Ainda antes de ter garantido um lugar na história do cinema
pelo desempenho no popular Shane (1953), Alan Ladd conseguiu afirmar-se como
actor noutros filmes do género. A sua presença em Whispering Smith/A Vida Por
Um Fio (1949) não passa despercebida, ainda que ao realizador Leslie Fenton (n.

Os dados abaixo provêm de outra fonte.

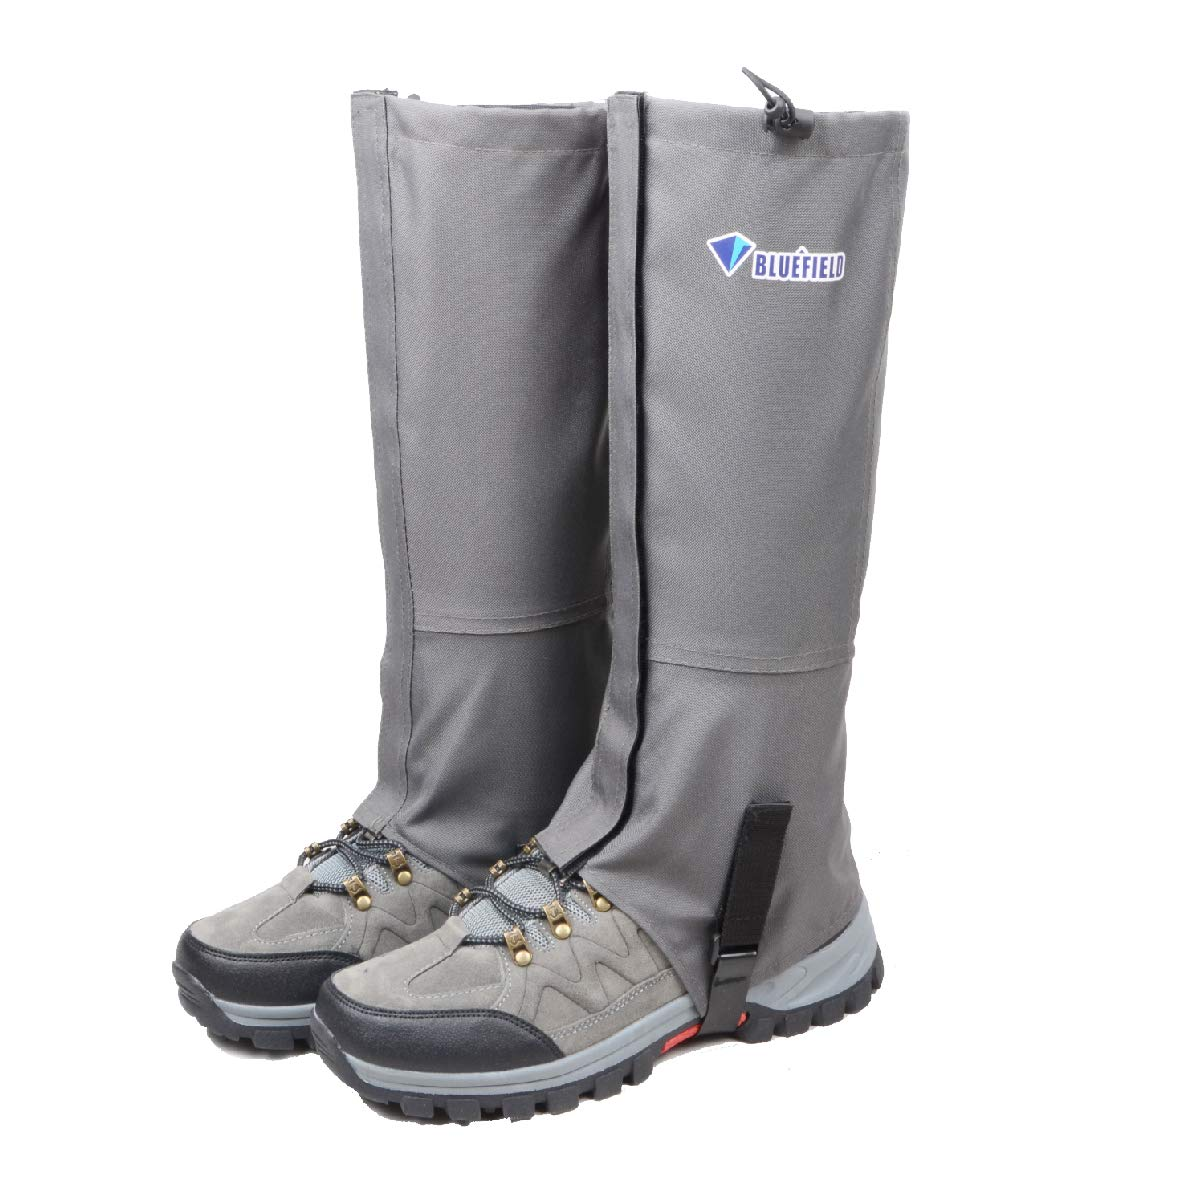 TRIWONDER Leg Gaiters Waterproof Snow Boot Gators Hiking Gaiters Men Women for Walking Climbing Hunting Cycling Backpacking Lightweight Rain Shoe Gaiters (1 Pair) (Grey, XL) by TRIWONDER

1902 – m. 1978) pouco mais tenha sido reservado do que um lugar secundaríssimo
no corredor da fama. Todavia, Fenton, que nos primeiros anos de carreira fora
actor, sabia oferecer aos seus pares papéis marcantes. Whispering Smith releva
essa característica com um elenco nada desprezível, onde aparecem Donald Crisp
— oscarizado pelo trabalho memorável em How Green Was My Valley/O Vale Era
Verde (1941) —, o enérgico Robert Preston — nomeado para um Oscar pela aparição
no musical Victor Victoria (1982), se bem que mais conhecido pelas presenças em
The Last Frontier/Os Bravos Não Voltam Costas (1955), de Anthony Mann, ou How
the West Was Won/A Conquista do Oeste (1962) —, e a belíssima Brenda Marshall, uma
filipina de nome completo Ardis Ankerson Gaines que tem neste filme uma das
suas derradeiras aparições no grande ecrã. Merecia melhor sorte:
Os talentos de Ladd, Preston, Marshall e Crisp formam um
quadrado dentro do qual se desenrola uma acção de contornos trágicos cujas fragilidades que Fenton foram superadas apostando-se tudo no desempenho dos actores. Disto são
testemunho inúmeros enquadramentos que isolam as suas personagens procurando
fazer sobressair gestos, movimentos, posturas, esgares, onde a narrativa
adquire uma expressividade que transcende o plano da acção. Whispering Smith
envia-nos para o território clássico dos assaltos a comboios, mas sem aquele
tipo de sequências que sobrevive da improbabilidade dos feitos. Reconheça-se
que nos momentos em que o imaginário circense poderia fazer valer audiências, Leslie
Fenton protege os actores de quedas e de arranhões preenchendo o cenário com planos
relâmpago onde se sugerem descarrilamentos, travagens bruscas, explosões. Não é,
pois, um objecto de excessivos efeitos especiais. O interesse recai antes sobre
a história, algo que pode ser pouco para cinema mas de algum modo desvia este
western das tácticas mais banais de entretenimento. Ou seja, há nesta obra uma encenação da emotividade que atrai o olhar e foca a atenção nos
sentimentos permutados entre as personagens. Alan Ladd é Whispering Smith,
competente e implacável zelador ao serviço da companhia ferroviária. No
decorrer de uma perseguição, volta a cruzar-se com o seu amigo de infância Murray
Sinclair (Robert Preston). Sinclair tem como função limpar a ferrovia sempre
que há um "acidente". Casou com Marian (Brenda Marshall), por quem Smith
reserva uma antiga e oculta paixão. Donald Crisp interpreta o papel de Barney
Rebstock, dono de um rancho que, na realidade, é uma máquina de lavar dinheiro
proveniente de assaltos aos comboios. Circunstâncias diversas levam a que
Rebstock alicie Sinclair para a sua coutada, deixando Smith na delicada situação
de ter que confrontar um amigo de infância. Sem ser profundo na abordagem da
questão moral, Leslie Fenton consegue emocionar-nos com algumas sequências que
opõem o ciúme à amizade, esta ao dever, o dever à paixão. No final, Smith diz
que jogou com as cartas que lhe foram dadas por Sinclair. Não tinha outras. Mas
será mesmo assim? Pode ou deve a máquina das obrigações profissionais
sobrepor-se ao valor da amizade? É uma questão pertinente, para a qual jamais
teremos resposta. O que Whispering Smith nos mostra é que as relações de
amizade não se regem por leis puramente racionais, revelando-se frágeis e débeis
quando iluminadas pela lógica. Alan Ladd encarna um herói que não é pacífico,
um herói que de certa forma pressagia o Henry Fonda de Once Upon a Time in the West.